= James M. Cork =

American physicist

James Murle Cork (July 9, 1894, Yale, Michigan – November 27, 1957, Ann Arbor, Michigan) was an American physicist, known for his research in nuclear physics and nuclear spectroscopy.

==Biography==
He graduated in 1911 from Yale High School in Yale, Michigan. At the University of Michigan, he graduated in 1916 with a B.S., in 1917 with an M.S., and in 1922 with a Ph.D. From 1917 to 1918 he was a first lieutenant in the U.S. Army Signal Corps. He was from 1917 to 1919 an assistant physicist at the Bureau of Standards in Washington, D.C. and from 1919 to 1920 an assistant professor at Pennsylvania State College. In the department of physics of the University of Michigan he was from 1920 to 1922 an instructor, from 1922 to 1937 an associate professor, and from 1937 until his death in 1957 a full professor.

After the attack on Pearl Harbor, Cork was from 1942 to 1946 a section member and research supervisor of the National Defense Research Committee (NDRC). He gained an international reputation for his research in nuclear physics and radioactivity. He was a consultant for Argonne National Laboratory and the Atomic Energy Commission (AEC).
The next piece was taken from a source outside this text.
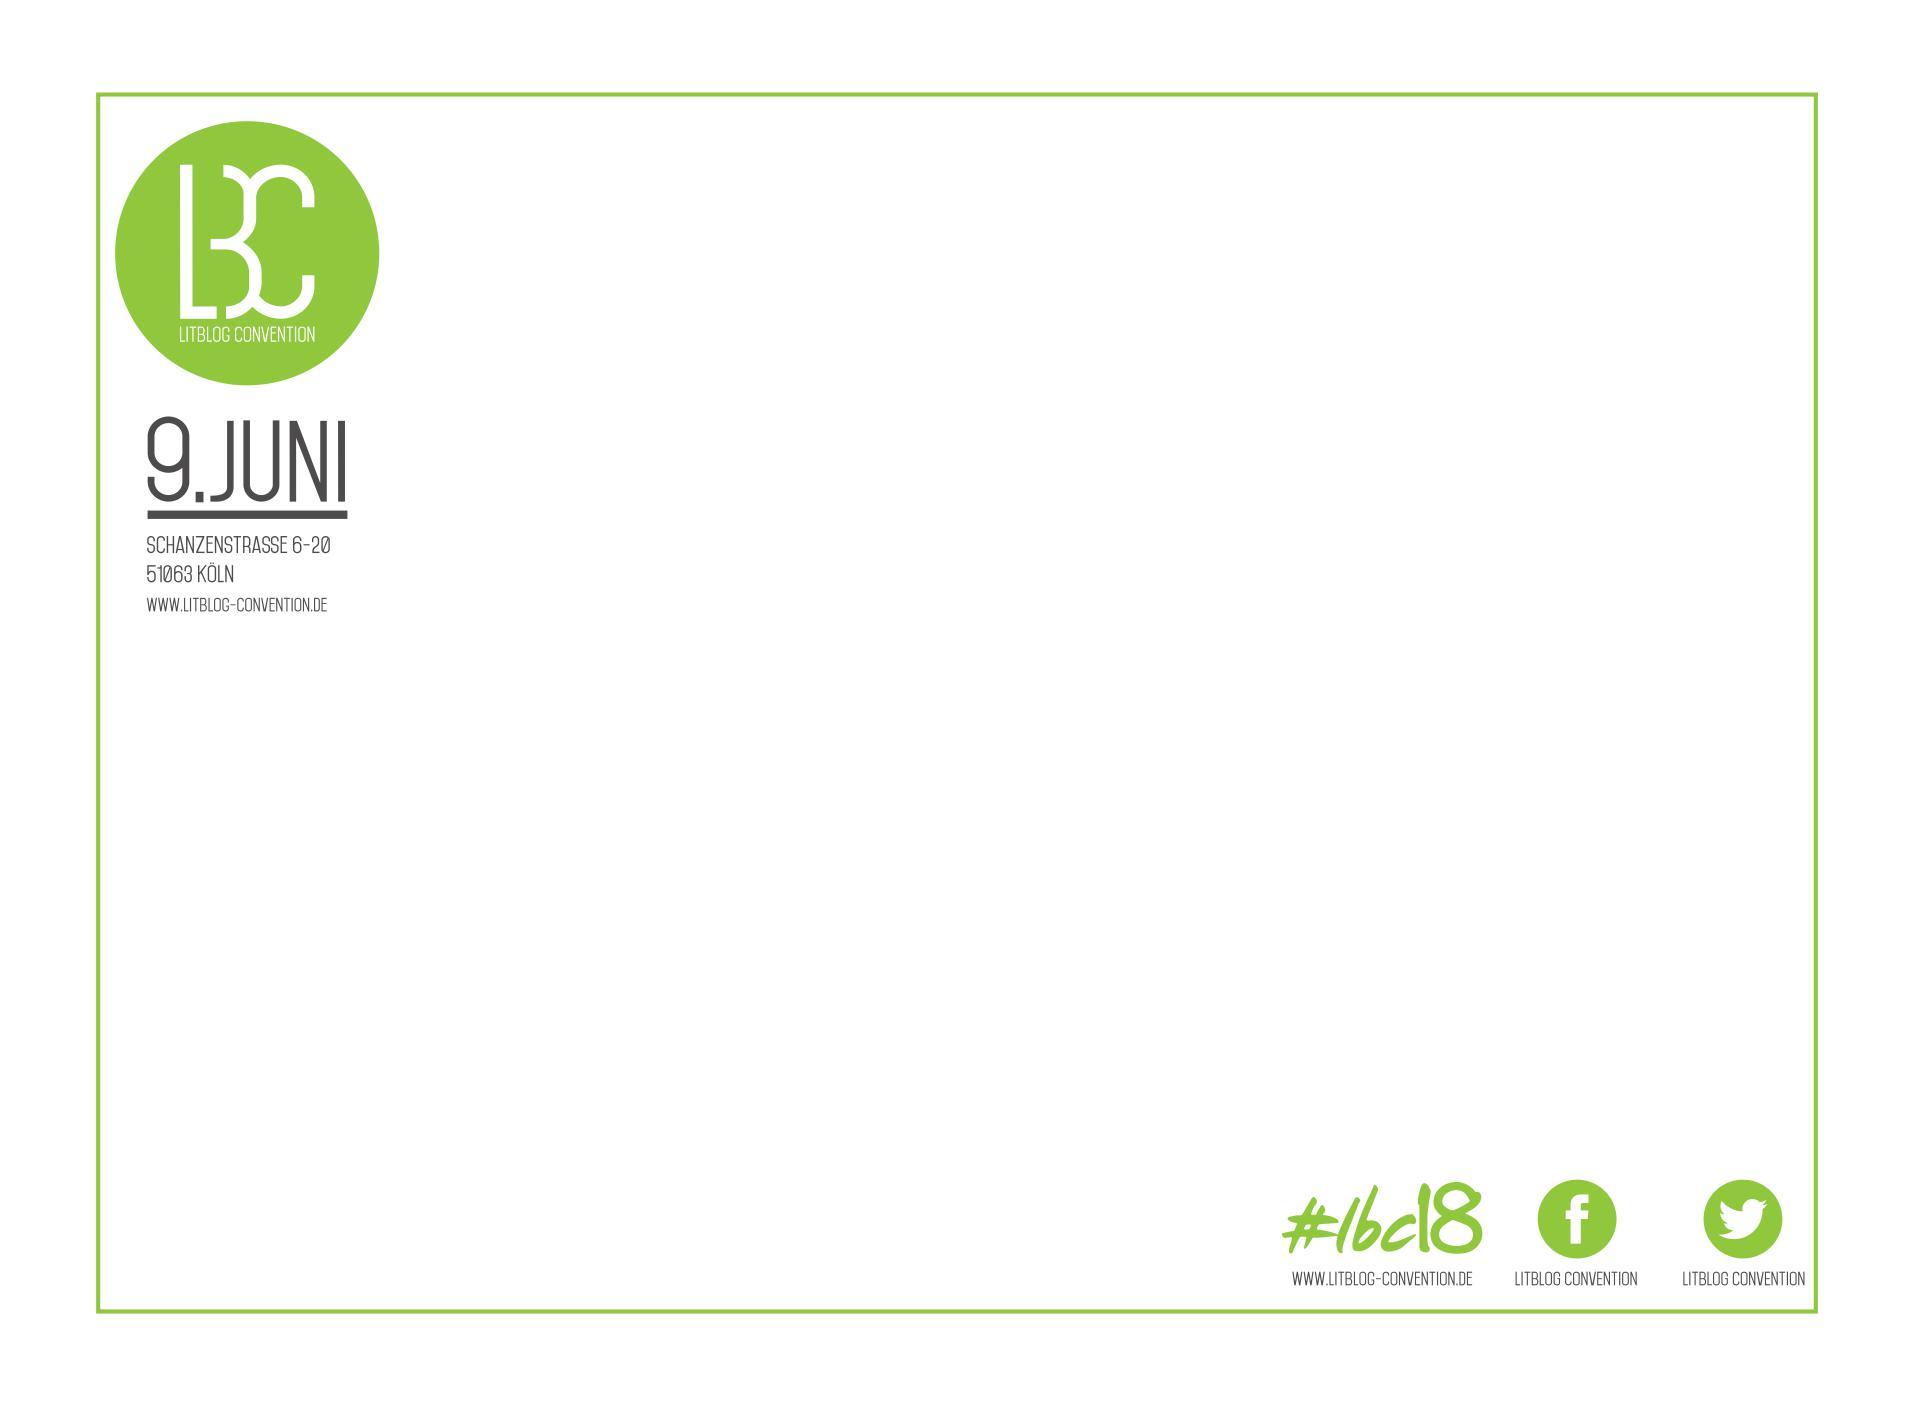 LBC18 Postkarten-Rückseite

He was one of the assistant editors for the American Institute of Physics Handbook.

Cork was elected in 1928 a fellow of the American Physical Society and in 1940 a fellow of the American Association for the Advancement of Science.
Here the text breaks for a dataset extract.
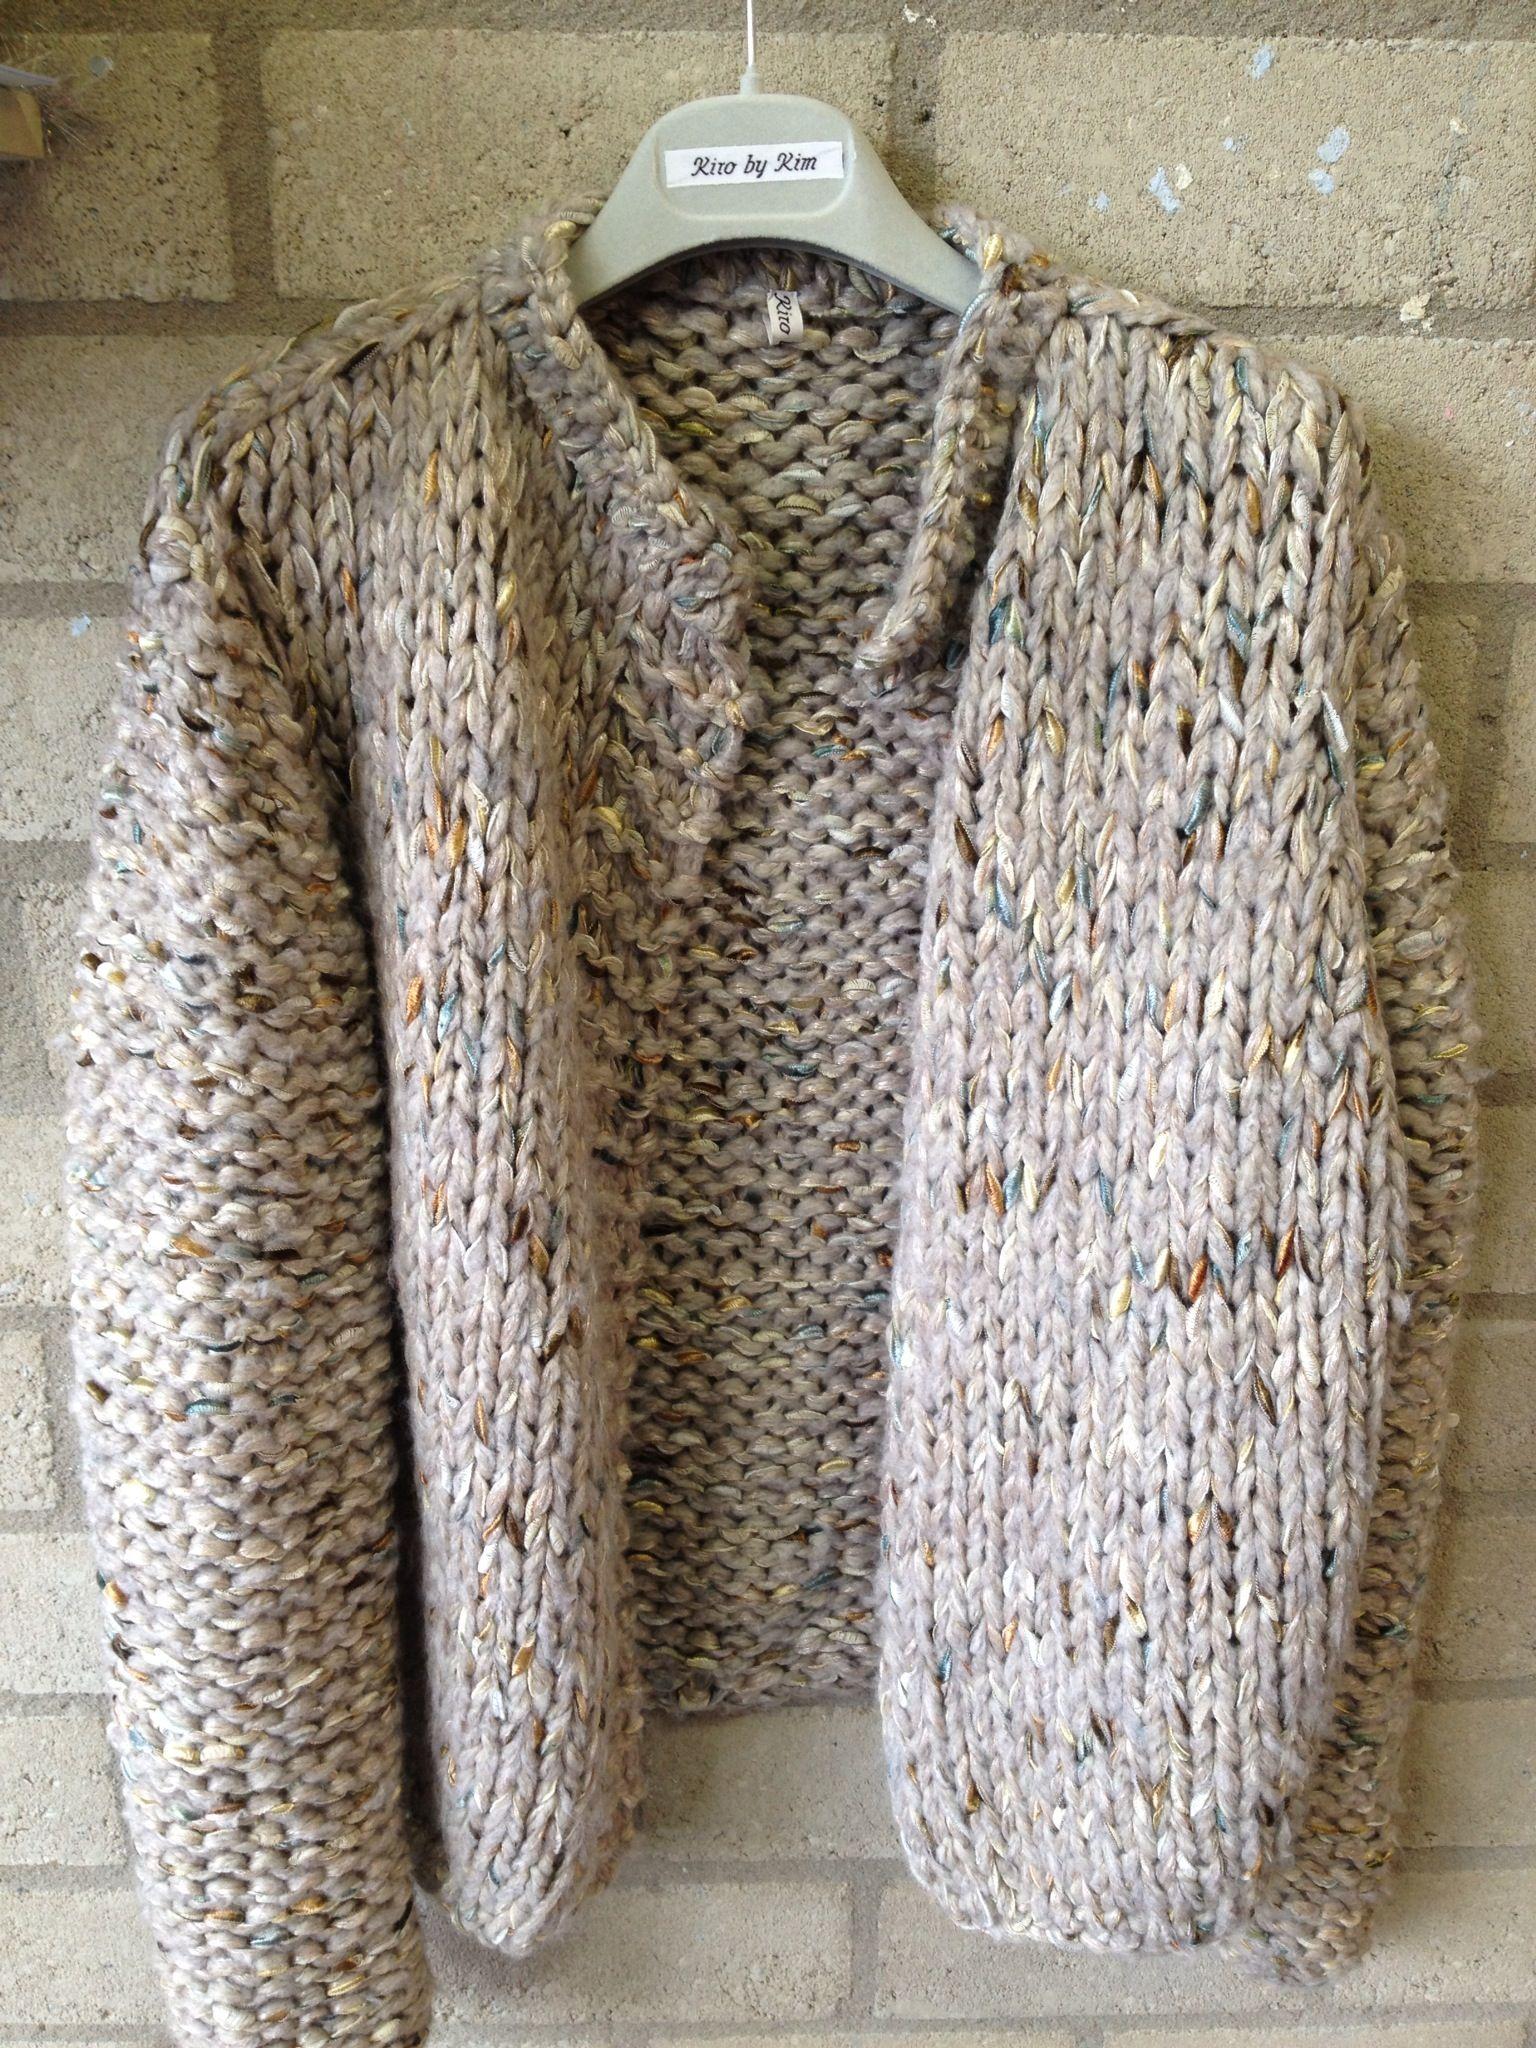 Short handknitted kiro by kim cardigan kiro by kim chunky crochet clothes bankloansurffo Choice Image

He married Laurie Mae Kaufmann in 1918. They had two children.

==Selected publications==
===Articles===
- Cork, James M. (1919). "Airplane Antenna Constants"
- Cork, J. M. (1923). "Characteristic L absorption of x-rays for elements of atomic numbers 62 to 77"
- Cork, J. M. (1926). "The Concentration and Identification of the Element of Atomic Number 61"
- Cork, J.M. (1927). "LX.The crystal structure of some of the alums"
- Fox, Gerald W. (1931). "The Regular Reflection of X-rays from Quartz Crystals Oscillating Piezoelectrically"
- Witmer, R. B. (1932). "The Measurement of X-Ray Emission Wave-Lengths by Means of the Ruled Grating"
- Cork, J. M. (1932). "Laue Patterns from Thick Crystals at Rest and Oscillating Piezoelectrically"
- Cork, J. M. (1936). "The Transmutation of Platinum by Deuterons"
- Lawson, J. L. (1937). "The Radioactive Isotopes of Indium"
- Kraus, J. (1937). "Radioactive Isotopes of Palladium and Silver from Palladium"
- Stewart, D. (1937). "Induced Radioactivity in Strontium and Yttrium"
- Cork, J. M. (1939). "Induced Radioactivity in Cadmium and Indium"
- Lawson, J. L. (1940). "The Radioactive Isotopes of Indium"
- Cork, J. M. (1941). "Radioactive Isotopes of Barium from Cesium"
- Cork, J. M. (1944). "The Absorption of Gamma-Radiation in Copper and Lead"
- Cork, J. M. (1947). "Gamma-Radiation from Tantalum, Iridium, and Gold"
- Cork, J. M. (1948). "Neutron Induced Radioactivity in Certain Rare-Earth Elements"
- Cork, J. M. (1948). "Converted Gamma-Radiation from Silver, Cadmium, Indium, Praseodynium, and Rhenium"
- Cork, J. M. (1950). "Radioactivity from Enriched Isotopes of Cadmium"

===Books===
- Wood, William Platt (1927). "Pyrometry"
- Cork, James M. (1937). "Heat"
- Cork, James M. (1946). "Radioactivity and nuclear physics" 2nd edition, 1950 "revised 3rd edition, 1957"
  - "Radioactivité et physique nuclêaire. Traduit par J.P. Bodet" (1949)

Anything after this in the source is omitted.